/OLTP-OLAP-AWS

Design a basic OLTP to OLAP conversion using AWS environment

Primary LanguageJupyter NotebookMIT LicenseMIT

OLPT to OLAP-data-analytics on AWS

OLPT-to-OLAP-data-analytics on AWS with a use case

AWS

Note

Data was not properly formatted in CSV so need to clean some data before crawling.

Step 01: Upload to S3

  1. Create a bucket with a bucket name for uploading csv datasets.
  2. Create separated folder of each of the csv files in the bucket and name the folder as the table names that will get the data from the data catalog by aws Athena

Step 02: Create and run a Glue Crawler

A crawler connects to a data store, progresses through a prioritized list of classifiers to determine the schema for your data, and then creates metadata tables in your data catalog.

  1. Create a csv classifier that determines the schema of data
  2. Create a IAM role for this job (with read and write access to S3)
  3. Adding Classifiers to a Crawler
  4. Create a database to get the data from the data catalog
  5. This will populate data to AWS Glue Data Catalog

Step 03: Explore the data catalog in aws Athena

Now we can query and exploring database tables in data catalog using aws Athena

SELECT * FROM "monir-assignar-db"."order" limit 10;
SELECT * FROM "monir-assignar-db"."project";

Step 04: Creating a MySQL DB instance and connecting to MySQL DB instance with MySQL Workbench

  1. MySQL DB instance in AWS RDS
  2. Creating appropriate security group for inbound traffic is allowed by default
  3. Create database schema in mysql workbench using the sql script provided in the test
  4. Create a ERD using the schema by reverse engineering and adding primary and foreign keys
  5. Create a database schema using the ERD by forward engineering
  6. Create a RDS-Mysql connection in AWS Glue, add proopiuate IAM role and test the connection
  7. Create a crawler that crawl the databse schema from MySQL database
  8. Create a Glue ETL job to load data from glue datacatalogs to RDS Mysql database

AWS Glue job for ETL process to digest the provided order file into order table in an OLTP schema as shown in the ERD diagram below

MySQL-Workbench-script for creating OLTP scema in AWS RDS MySQL database instance

ERD

Step 05: Use AWS Glue DataBrew for data preparation for dimensional modelling

AWS Glue DataBrew job and recipe for data preparation for dimensional modelling

DataBrew

Step 06: AWS Glue jobs to convert this OLTP database structure to OLAP(Star/Snowflake) database structure for BI/Reporting purpose

Following Jobs have been created...

  1. AWS Glue ETL Job for creating Fact table and updating schema
  2. AWS Glue ETL Job for creating Dimention tables and updating schemas

GLUEJOB1

AWS Glue ETL Job for creating Fact table and updating schema GlueJob01Code

GLUEJOB2

AWS Glue ETL Job for creating Dimention tables and updating schemas GlueJob02Code

Step 07: Load the data from OLTP schema to OLAP schema in Redshift cluster

SQL script for creating tables with OLAP STAR SCHEMA in Redshift cluster

OLAP

  1. attached the redshift cluster with appropriate IAM role (created)
  2. create a database schema, database with the SQL file provided in this test.
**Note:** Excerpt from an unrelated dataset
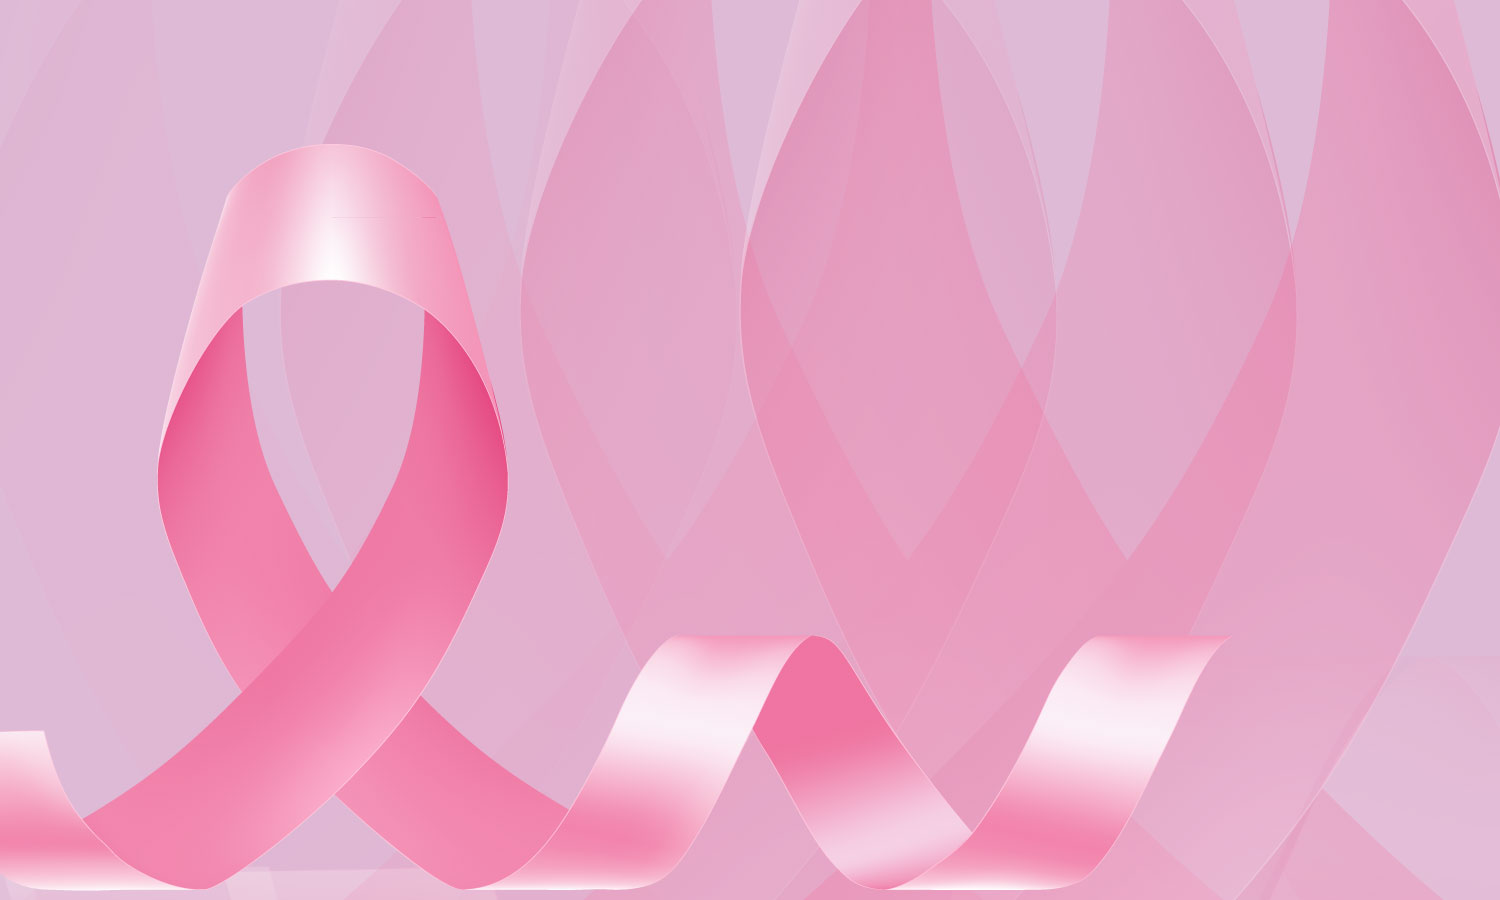 Mes Rosa - Mes de lucha contra el cáncer de mama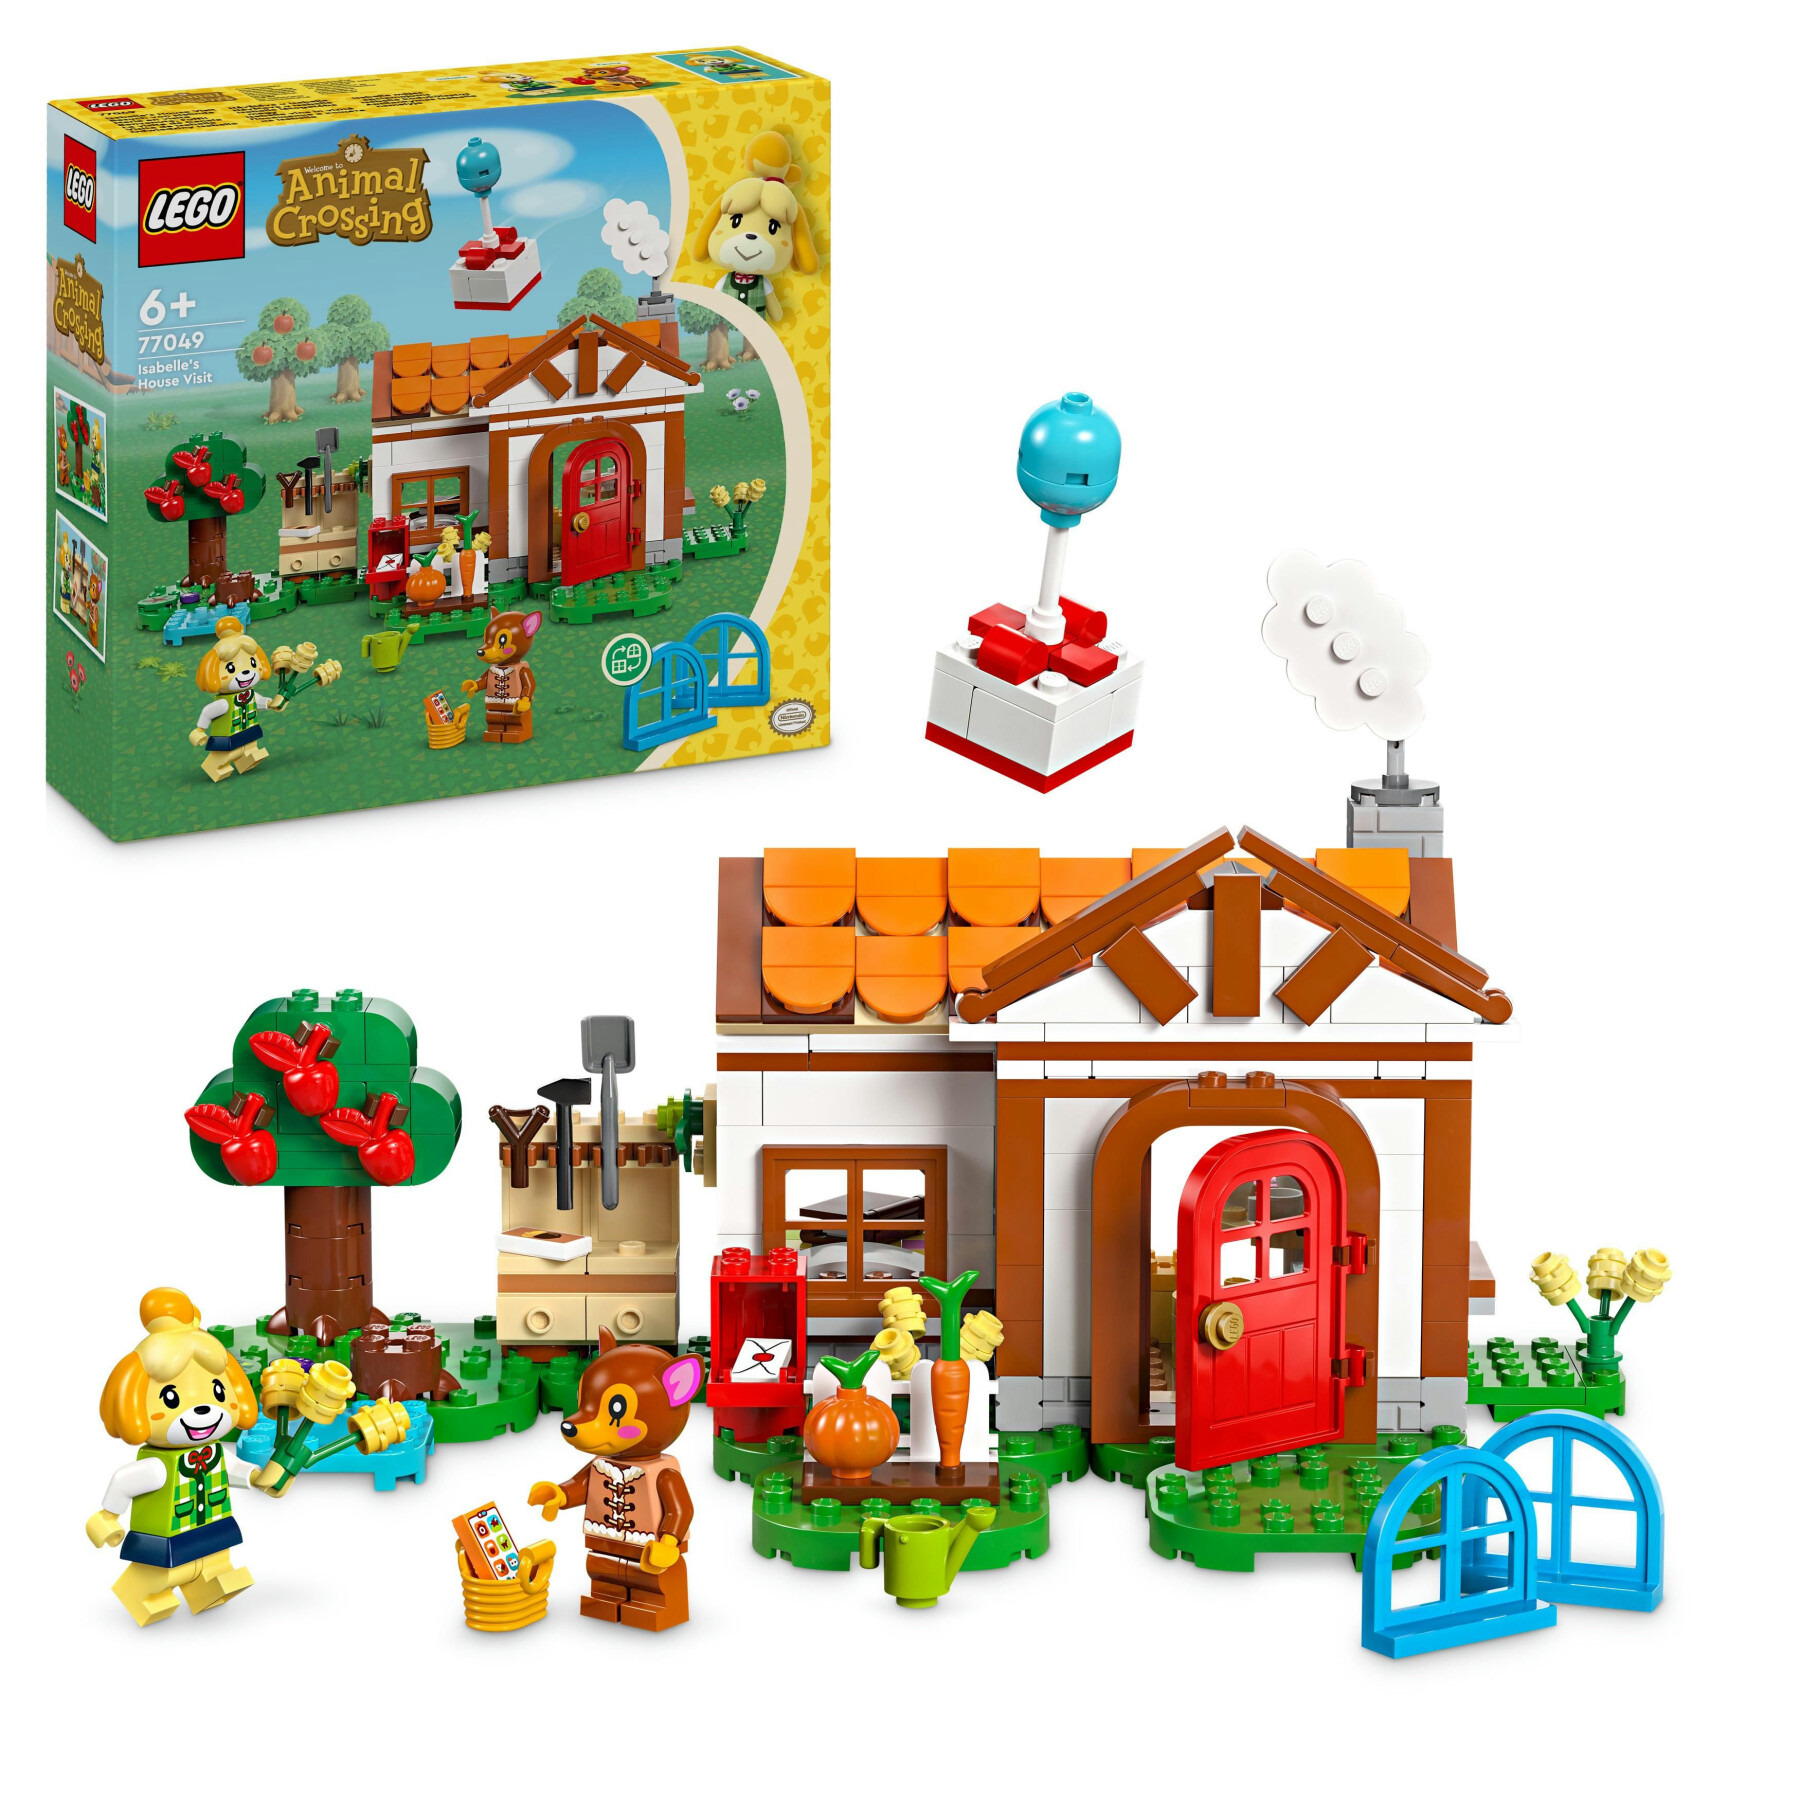 Lego animal crossing 77049 benvenuta, fuffi! casa giocattolo da costruire, giochi creativi per bambini 6+ con 2 personaggi - Lego Animal Crossing

In this case provide primary and foreign key constraints in creating associated tables.
CREATE TABLE assignar_olap_db.fact_order-project 
(
order_id INT NOT NULL,
client_id BIGINT,
project_id BIGINT,
suppeliers_id INT,
user_id BIGINT,
order_active_status INT,
job_number VARCHAR(100),
po_number VARCHAR(100),
order_status_name VARCHAR(100),
order_start_date DATE,
order_end_date DATE,
order_date_created DATETIME,
order_modified_time DATETIME,
calendar_year DATETIME,
calendar_quarter DATETIME,
calendar_month DATETIME,
project_start_date DATE,
project_end_date DATE,
project_address VARCHAR(255),
project_address_geo POINT,
project_suburb VARCHAR(100),
project_state VARCHAR(50),
project_postcode VARCHAR(10),
project_active_status INT,
project_duration DATETIME,
PRIMARY KEY(order_id),
FOREIGN KEY(client_id) REFERENCES dimention_client(client_id),
FOREIGN KEY(user_id) REFERENCES dimention_user(user_id),
FOREIGN KEY(suppeliers_id) REFERENCES dimention_suppliers(suppliers_id),
  );


CREATE TABLE assignar_olap_db.dimention_user 
(
user_id	INT NOT NULL,
suburb VARCHAR(100),
state VARCHAR(50),
postcode VARCHAR(10),
employment_type	VARCHAR(50),
user_active_status VARCHAR(50),
user_modified_time DATETIME,
user_type VARCHAR(50),
user_label VARCHAR(50),
PRIMARY KEY(user_id)
);


CREATE TABLE assignar_olap_db.dimention_client 
(
client_id INT NOT NULL,
city VARCHAR(100),
postcode VARCHAR(10),
state VARCHAR(50),
client_active INT,
PRIMARY KEY(client_id)
);


CREATE TABLE assignar_olap_db.dimention_suppliers
(
suppliers_id INT NOT NULL,
city VARCHAR(100),
postcode VARCHAR(10),
state VARCHAR(50),
suppliers_active_status VARCHAR(50),
suppliers_date_added DATETIME,
suppliers_date_modified DATETIME,
suppliers_modified_time DATETIME,
PRIMARY KEY(suppliers_id)
);
  1. Using the COPY commands to load data from S3 buckets to Redshift created database
copy assignar_oltp_db.ffa_order
from 's3://assignar-test-db-bucket/upload-original-file/fact_order-project/'
iam_role 'arn:aws:iam::166809146462:role/RED'
region 'us-east-1'
delimiter ','
ignoreheader AS 1
DATEFORMAT AS 'dd/mm/yyyy'
TIMEFORMAT AS 'dd/mm/yyyy hh:mi'
csv;
  1. Start analysis data using Redshift Query Editor.

Step 8. Using OLAP Schema the answers of the following questions by writing SQL queries.

a. How many Dashboard users have created orders in the year of 2020.

SELECT COUNT(user_id)
  FROM assignar_olap_db.dimentaion_user
      INNER JOIN assignar_olap_db.fact_order-project ON dimentaion_user.user_id = fact_order-project.user_id
	WHERE fact_order-project.calendar_year = "2020" 
	   AND dimentaion_user.user_label ="Dashboard User";

b. Which project has been worked on the longest.

SELECT fact_order-project.project_id
    FROM fact_order-project
    WHERE project_duration = 
        (SELECT max(project_duration) from fact_order-project);

c. Which client has the largest Quarter over Quarter growth (number of orders they have completed) in 2020?

SELECT distinct client_id
from
(
    SELECT client_id, MAX(COUNT(order_id)) as MXorder 
    FROM fact_order-project where calendar_year ="2020"
    GROUP BY client_id, MXorder 
    HAVING count(distinct calendar_quarter) = 4 
) group by client_id